Netflixがビッグデータを使用してコンテンツを作成し、ユーザーエクスペリエンスを向上させる方法
公開: 2019-03-212018年第4四半期の時点で、アメリカのストリーミング業界の51%の市場シェアと、世界中で1億4800万人を超えるストリーミング加入者を抱える、Netflixは確かに注目すべき勢力です。
さらに興味深いことに、Netflixは利益を上げるために順調に進んでいます。 下のグラフは、Statistaの厚意により、2002年から2018年までのNetflixの年間収益を示しています。1つ明らかなことは、Netflixが一貫して指数関数的に成長していることです。
他のほとんどのブランドとは異なり、Netflixの成長は、マーケティングよりもコンテンツとユーザーエクスペリエンスに起因しており、このコンテンツはビッグデータの影響を大きく受けています。
ビッグデータは、直感に反する決定にもかかわらず、Netflixの繁栄に役立っています
多くの組織はまだ利用可能なデータを効果的に活用していませんが、Netflixは注目に値する例外です。
Netflixは、簡単に最も直感に反する企業の1つです。 Netflixの直感に反する性質の巨大な例は、2016年にブロックVPNをフラット化するという決定を通じて示されています。

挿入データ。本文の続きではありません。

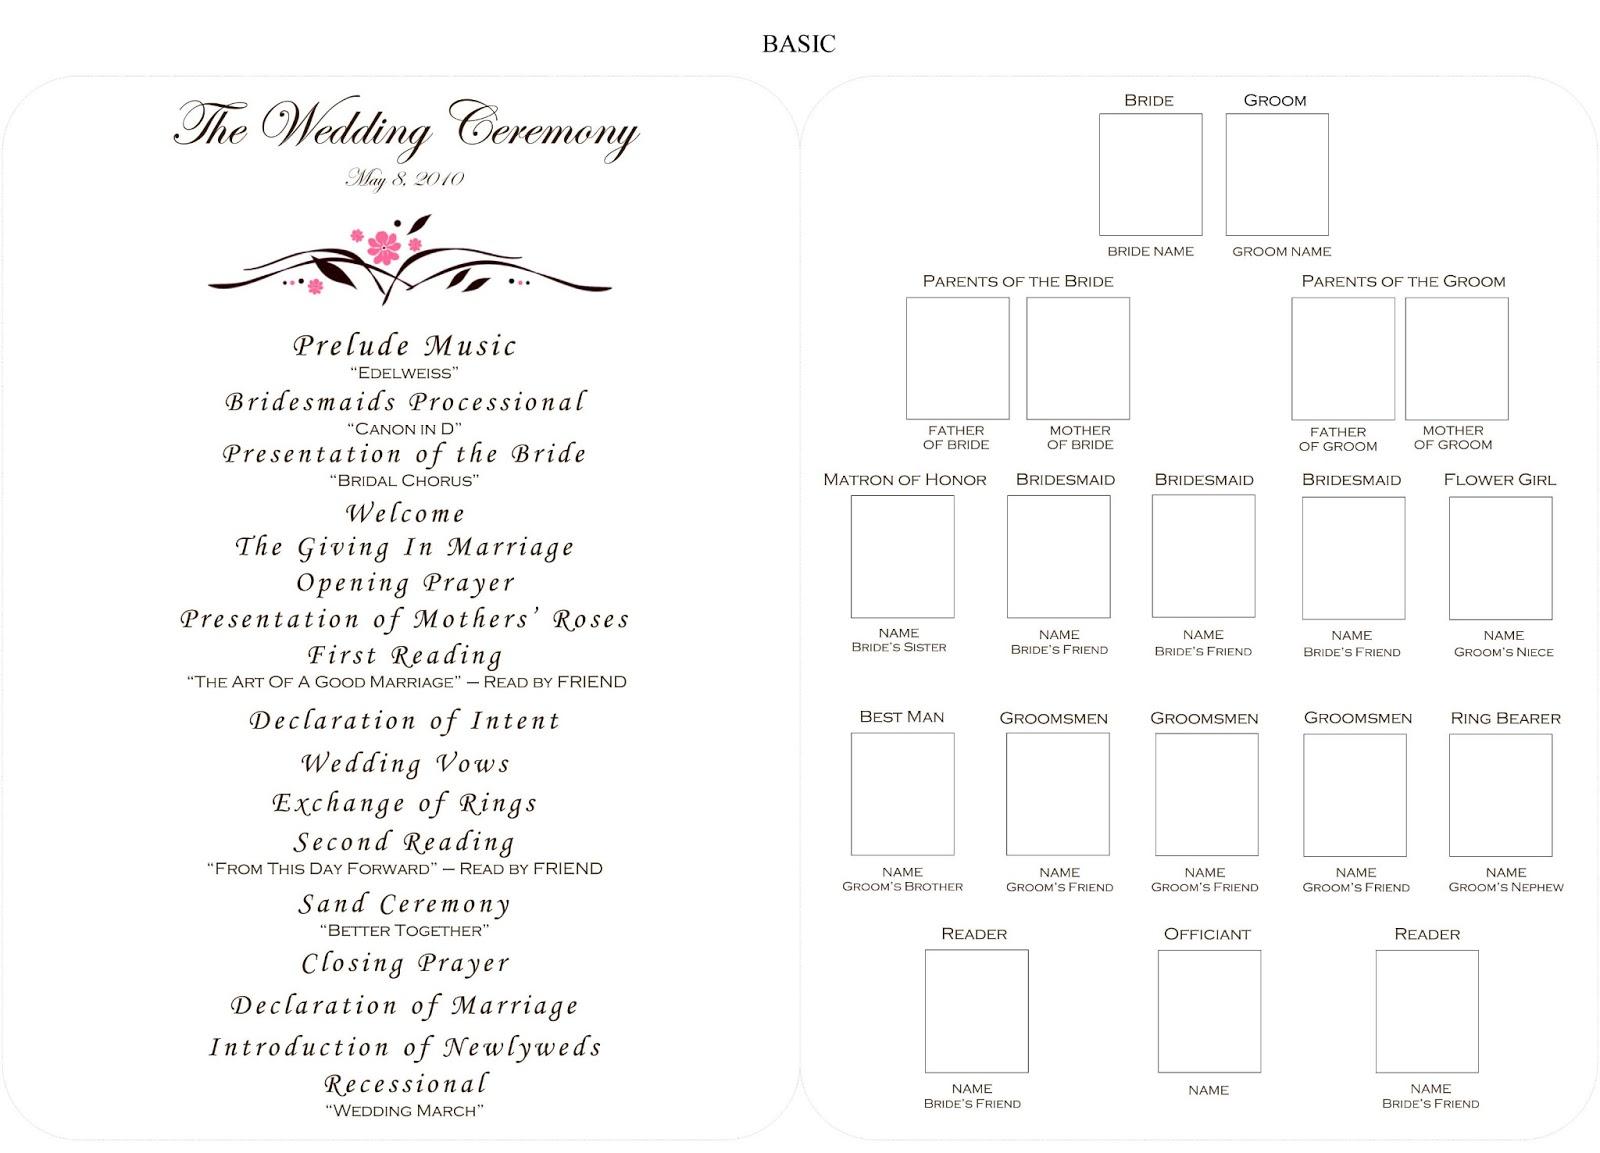 DIY Guide For Creating A Playbill Wedding Ceremony Fan Program - Blank wedding program template

これは、当時、VPNやその他のロケーションマスキングサービスを使用せずにNetflixのサービスを利用できない国(およびNetflixがサブスクリプションの獲得のほとんどを記録している国)に3000万人以上のNetflixユーザーが住んでいたという事実にもかかわらずです。

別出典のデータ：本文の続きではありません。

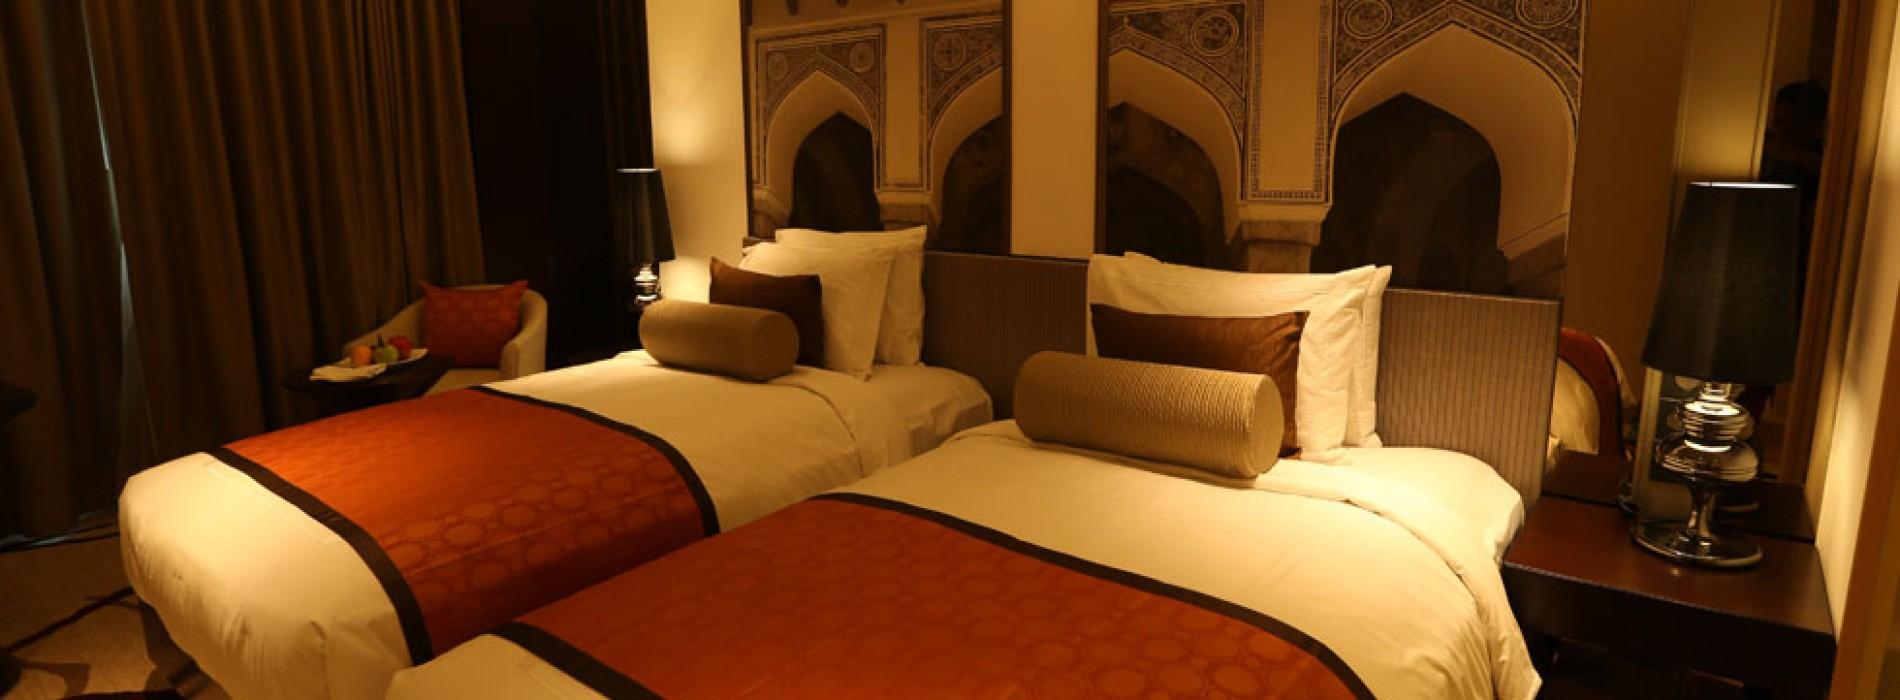 Pride Hotels launch its luxury hotel at Aerocity, New Delhi

同じ年、Netflixは価格を引き上げ、ユーザーからの抗議と数十万人のユーザーの喪失にもかかわらず、撤退を拒否しました。
それでも、Netflixはそれ以来成長してきました。
次のグラフは、2016年にVPNを禁止し、価格を引き上げるという物議を醸す決定を下した後のNetflixの加入者数の増加を示しています。

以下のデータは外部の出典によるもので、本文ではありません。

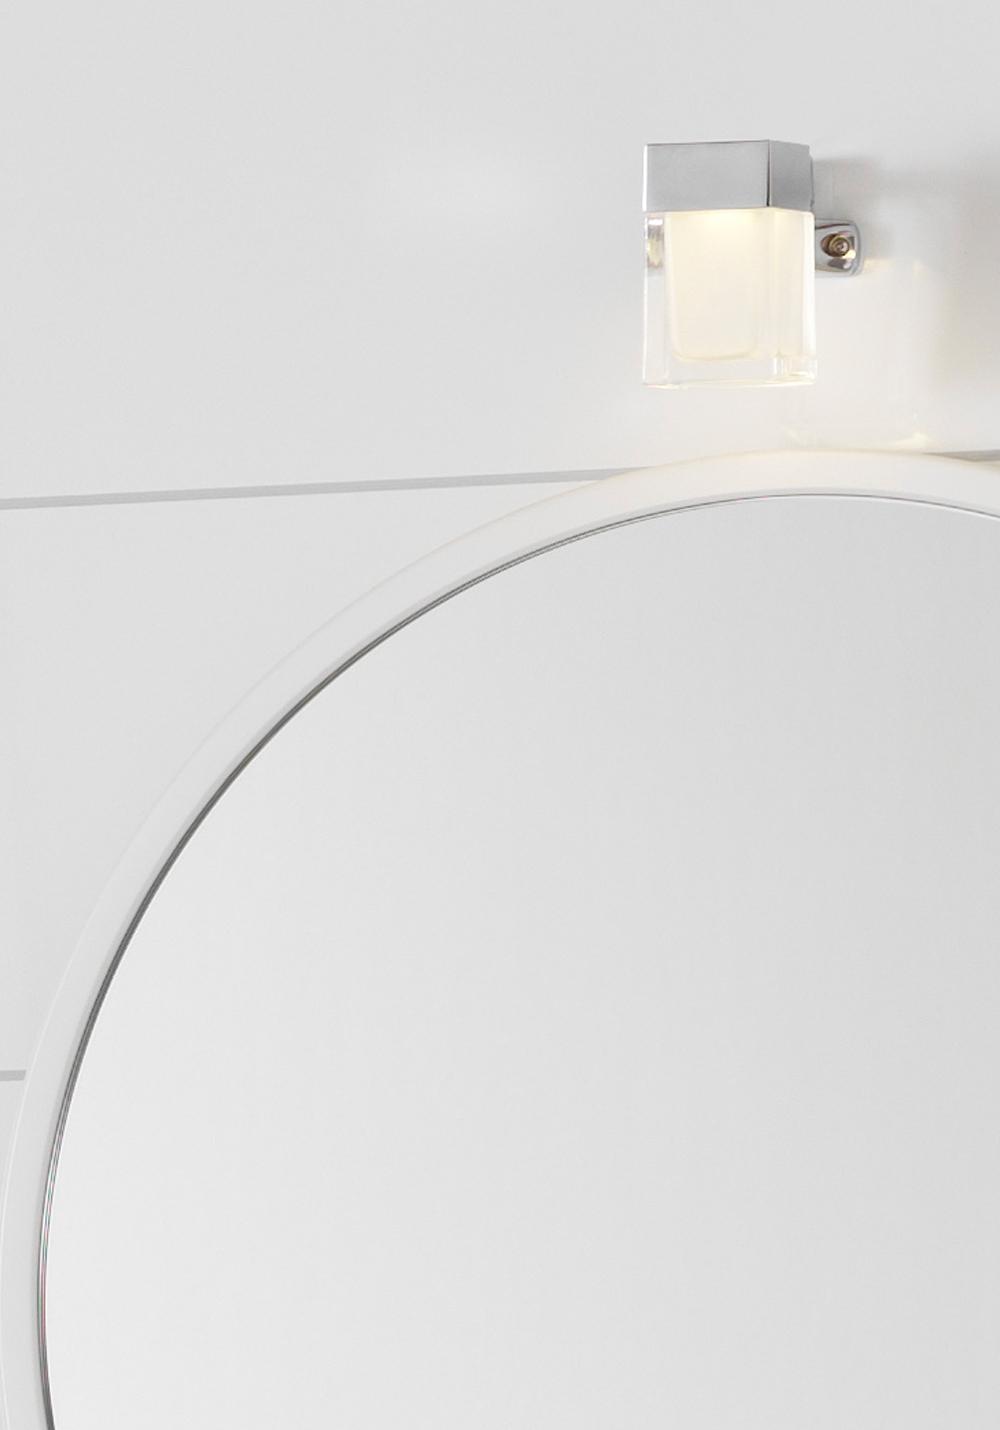 Hafa Eden LED-lampa badrum - Hafa badrum

では、Netflixは、その基盤のかなりの部分を疎外しているにもかかわらず、どのようにして急速な成長を続けることができるのでしょうか。 ビッグデータを活用して、ユーザーが何を望んでいるかを正確に把握し、それをユーザーに提供します。
Netflixはコンテンツとユーザーエクスペリエンスに大きな賭けをしており、Netflixの予算の大部分はコンテンツに費やされています。 2019年、Netflixはコンテンツに150億ドルの予算を投入します。 比較のために、彼らはマーケティングのためにわずか29億ドルをコミットしています。
Netflixの膨大なコンテンツ予算に焦点を当てるのは簡単ですが、このコンテンツのアイデアを考え出すために使用されるプロセスと、ビッグデータが果たす役割の大きさに焦点を当てたほうがよいでしょう。
Netflixのビッグデータインフラストラクチャ
Netflixは、データ処理ソフトウェアとHadoopやTeradataなどの従来のビジネスインテリジェンスツール、およびLipstickやGenieなどの独自のオープンソースソリューションを使用して、大量の情報を収集、保存、処理します。 これらのプラットフォームは、作成して視聴者に宣伝するコンテンツの決定に影響を与えます。
Netflixは、従来のデータセンターベースのHadoopデータウェアハウスを使用していません。 急速に増加するデータセットを保存および処理できるようにするために、AmazonのS3を使用してデータをウェアハウス化し、同じデータにアクセスするさまざまなワークロードに対して複数のHadoopクラスターを起動できるようにします。 Hadoopエコシステムでは、アドホッククエリと分析にHiveを使用し、ETL(抽出、変換、読み込み)、およびアルゴリズムにPigを使用します。
次に、独自のGenieプロジェクトを作成して、拡張に伴ってますます大量のデータを処理できるようにしました。 これはすべて、1つのことを示しています。Netflixは、大量のデータを持ち、このデータを処理して、ユーザーが何を望んでいるかを正確に理解できるようにすることに非常にこだわりを持っています。
その結果は驚くべきものでした。 Netflixは、元のコンテンツで高いエンゲージメント率を確保することができたため、Netflixユーザーの90%が元のコンテンツにエンゲージしました。
Netflixのコンテンツに対するビッグデータアプローチは非常に成功しているため、最初のシーズンを過ぎて番組のわずか35%が更新されるテレビ業界と比較して、Netflixは元のシリーズの93%を更新します。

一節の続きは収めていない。